I like @keepAlive's answer, but I thought it might be more accessible to discuss this question in a simpler setting. Imagine that a \$100 face amount bond that lasts for one period. If the bond does not default than at the end of the period then it pays a coupon $c$ and returns the face amount. The bond defaults with probability $P_{d}$ and then returns zero. Assume the appropriate discount rate is $r$. What is this bond worth?

$$ P_{bond} = \frac{0}{(1+r)^0} + (1- P_{d})\cdot \frac{100+c}{(1+r)^1} + (P_{d})\cdot \frac{0}{(1+r)^1} $$ $$ = (1- P_{d})\cdot \frac{100+c}{(1+r)} $$ But assume that you are mistaken, and you estimate a default rate that is too small (that is $\hat{P}_{d} < P_{d}$).

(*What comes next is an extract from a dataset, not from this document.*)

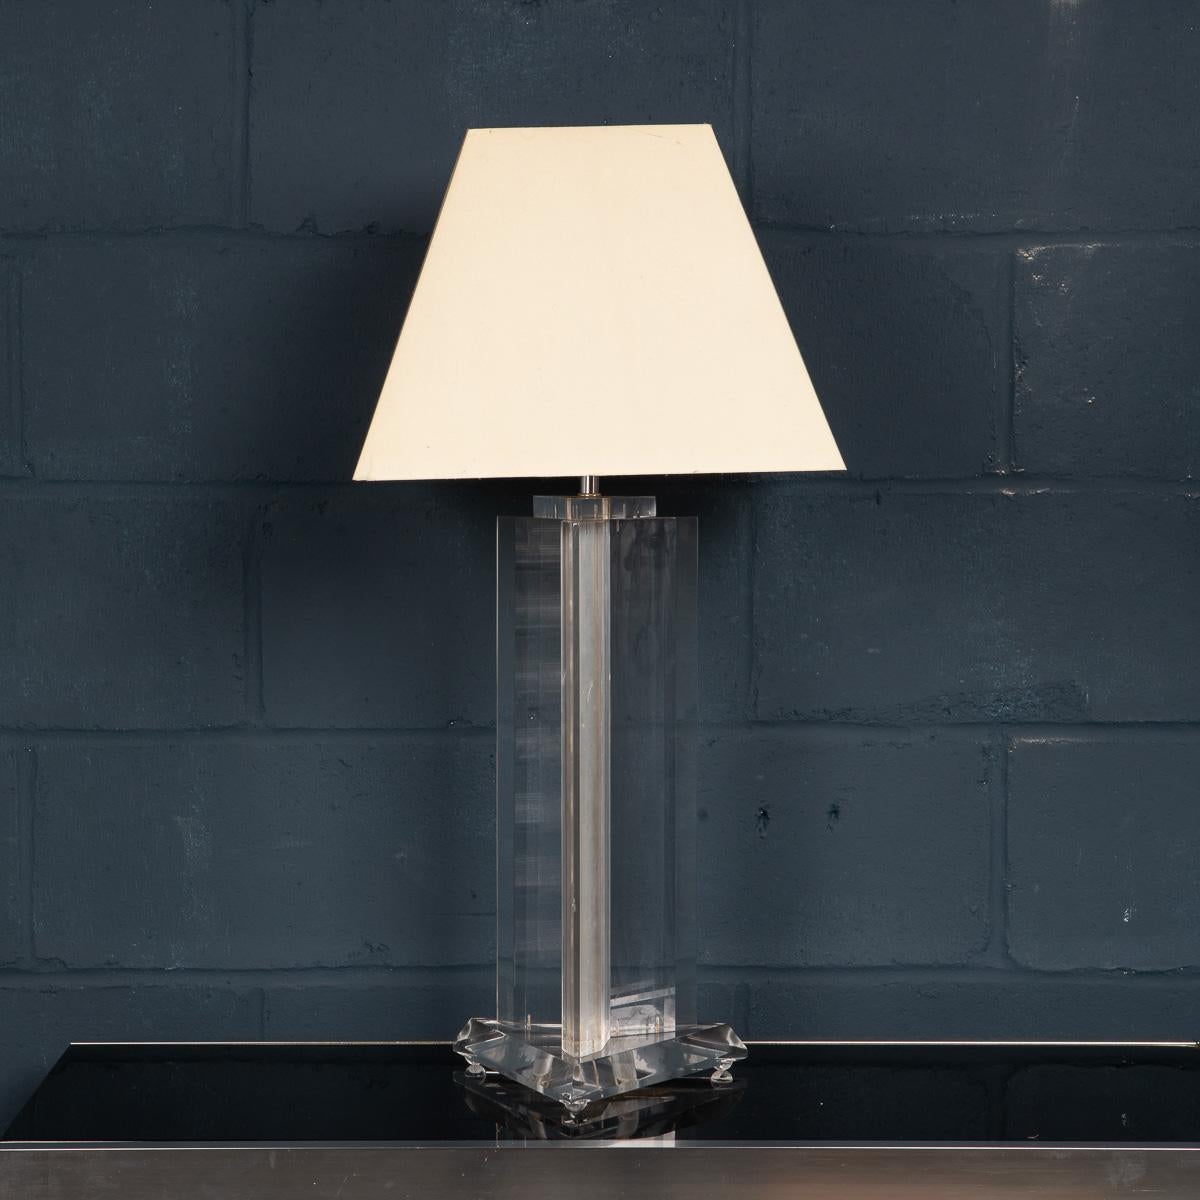 20th Century American Made Lucite Table Lamps In Good Condition For Sale In Royal Tunbridge Wells, Kent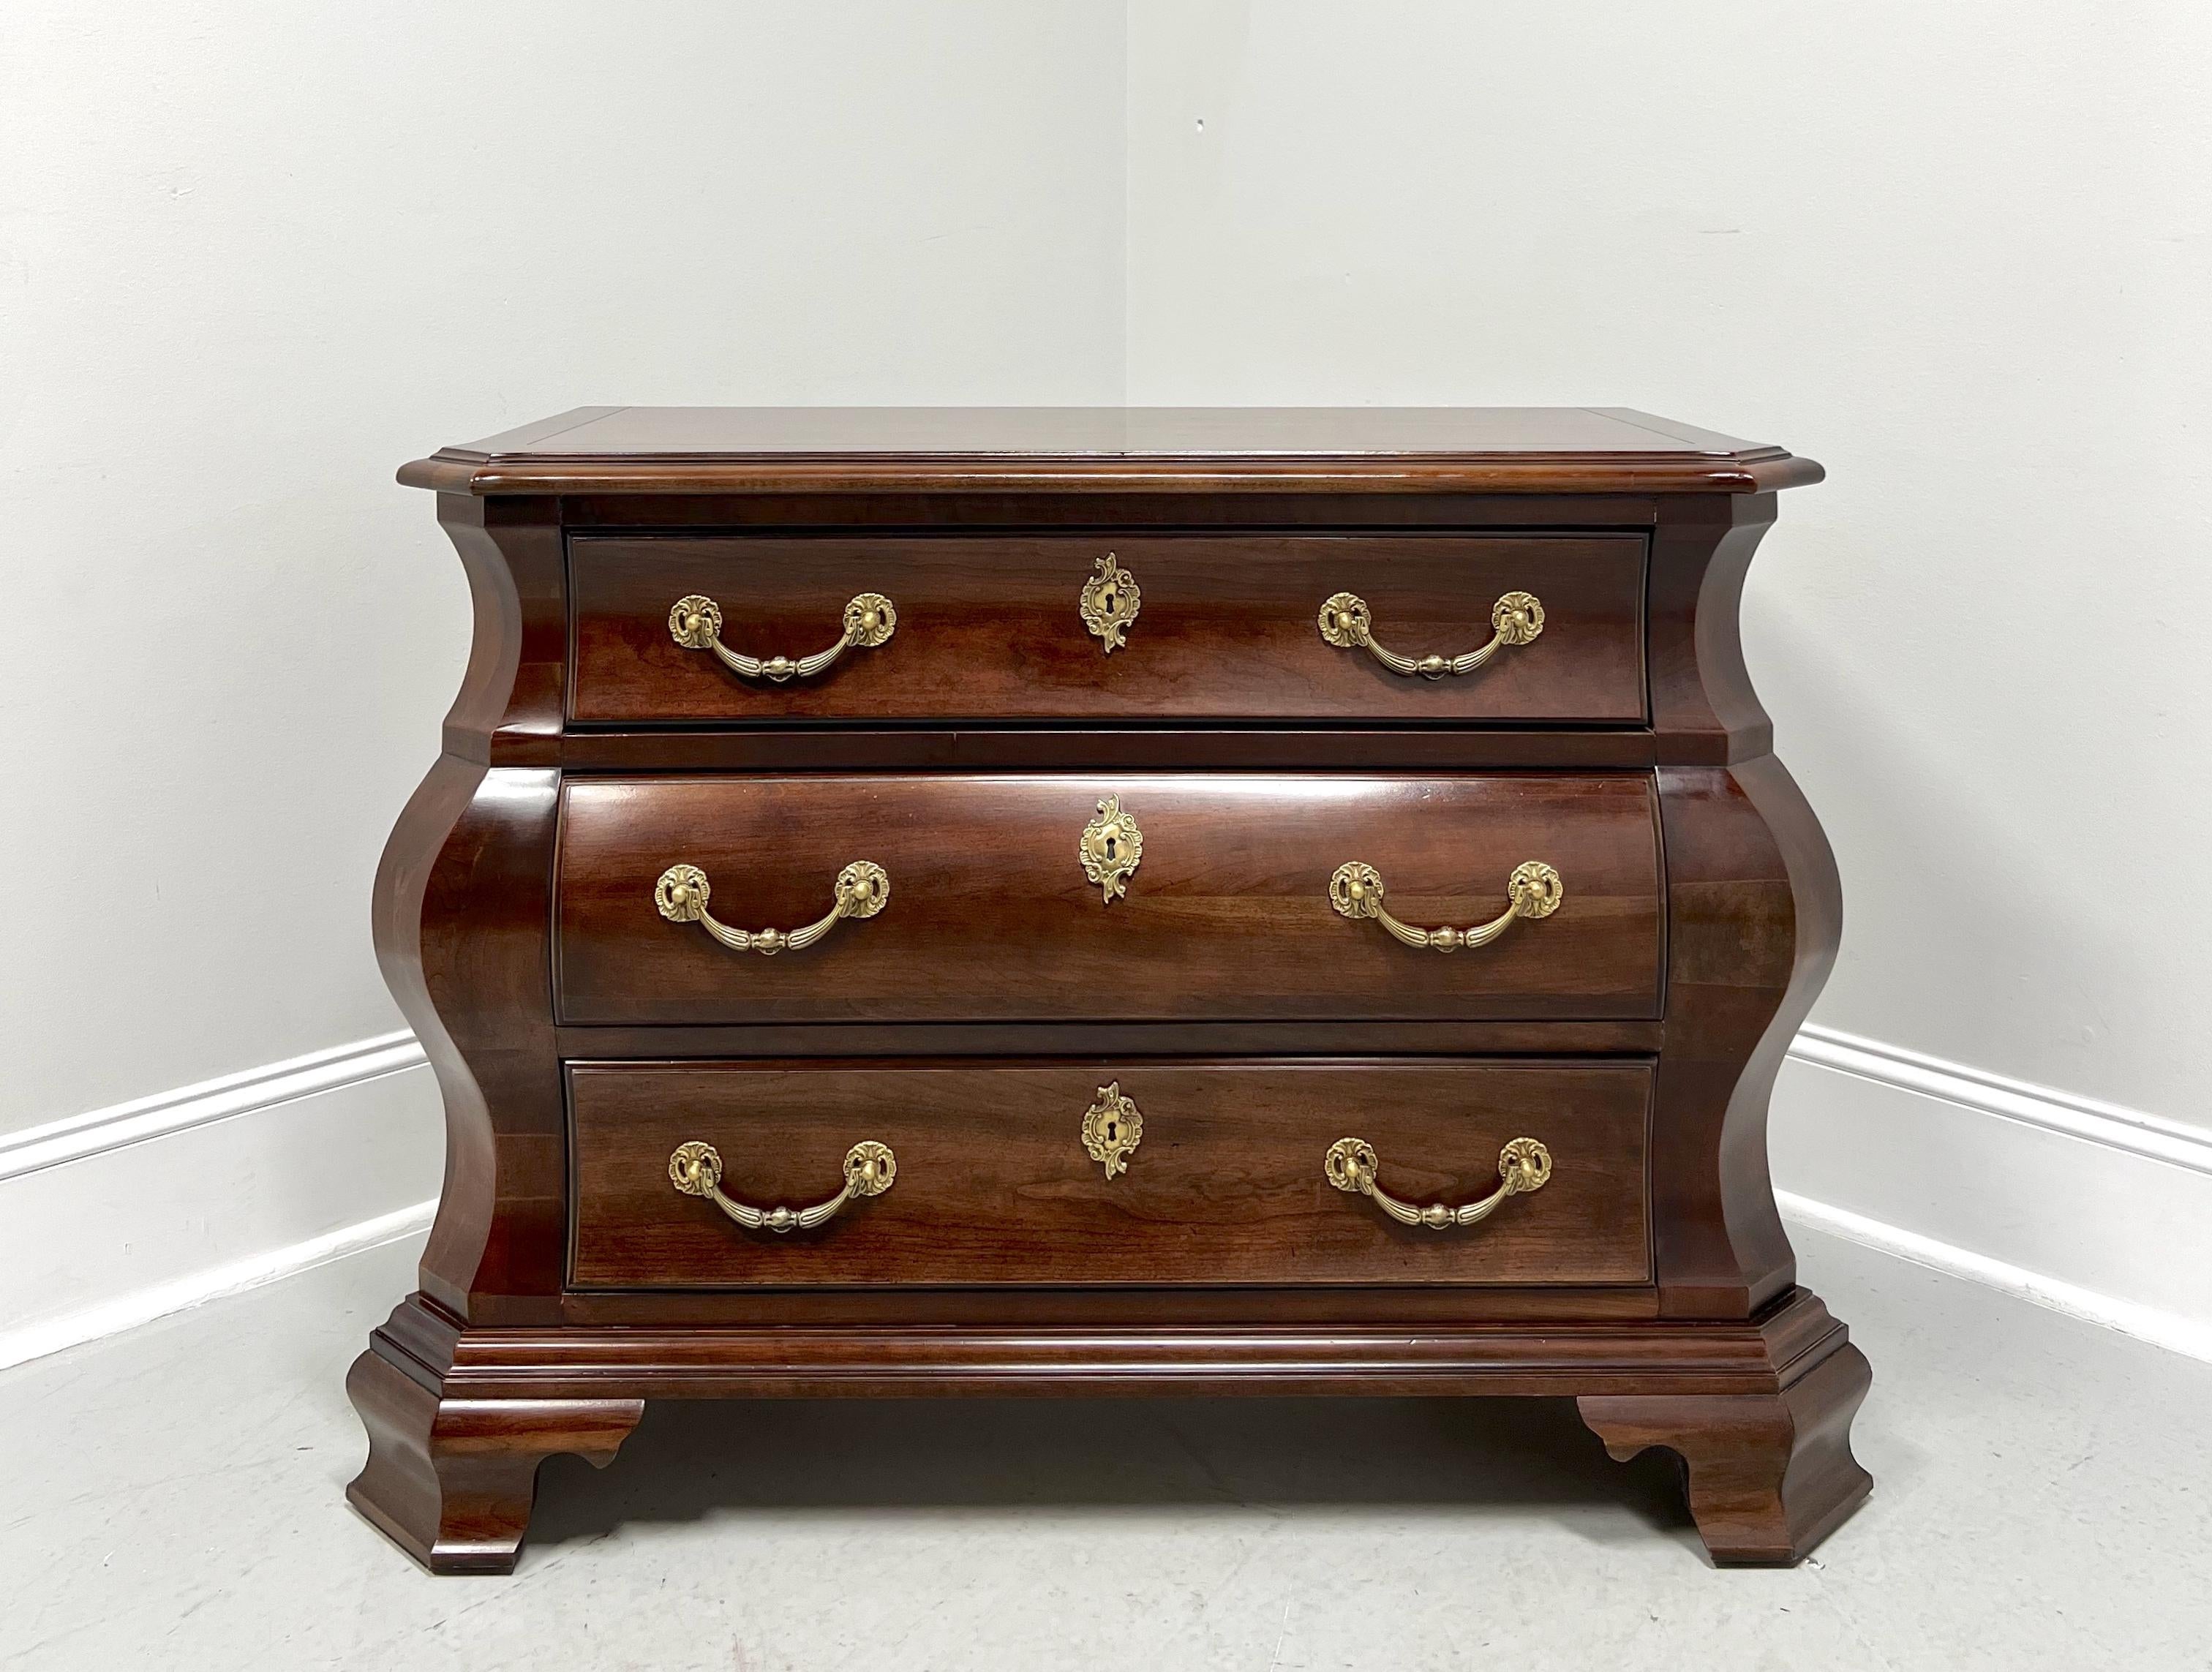 An Italian Provincial style bachelor chest by Century Furniture, from their Cardella Collection. Cherry wood with decorative brass hardware, bombe shaped, banded top with bevel edge & clipped corners, and ogee bracket feet. Features three drawers of

You should infer the bond is worth: $$ \hat{P}_{bond} = (1- \hat{P}_{d})\cdot \frac{100+c}{(1+r)}$$ Which implies the difference in price is: $$ \hat{P}_{bond} - P_{bond} = (1- \hat{P}_{d})\cdot \frac{100+c}{(1+r)} - (1- P_{d})\cdot \frac{100+c}{(1+r)}$$ $$ = (P_{d} - \hat{P}_{d})\cdot \frac{100+c}{(1+r)}$$, which by construction is positive. Therefore, assuming that the default rate is too low implies that you will overestimate the value of the bond all other things equal (even if you get the other parameters correct).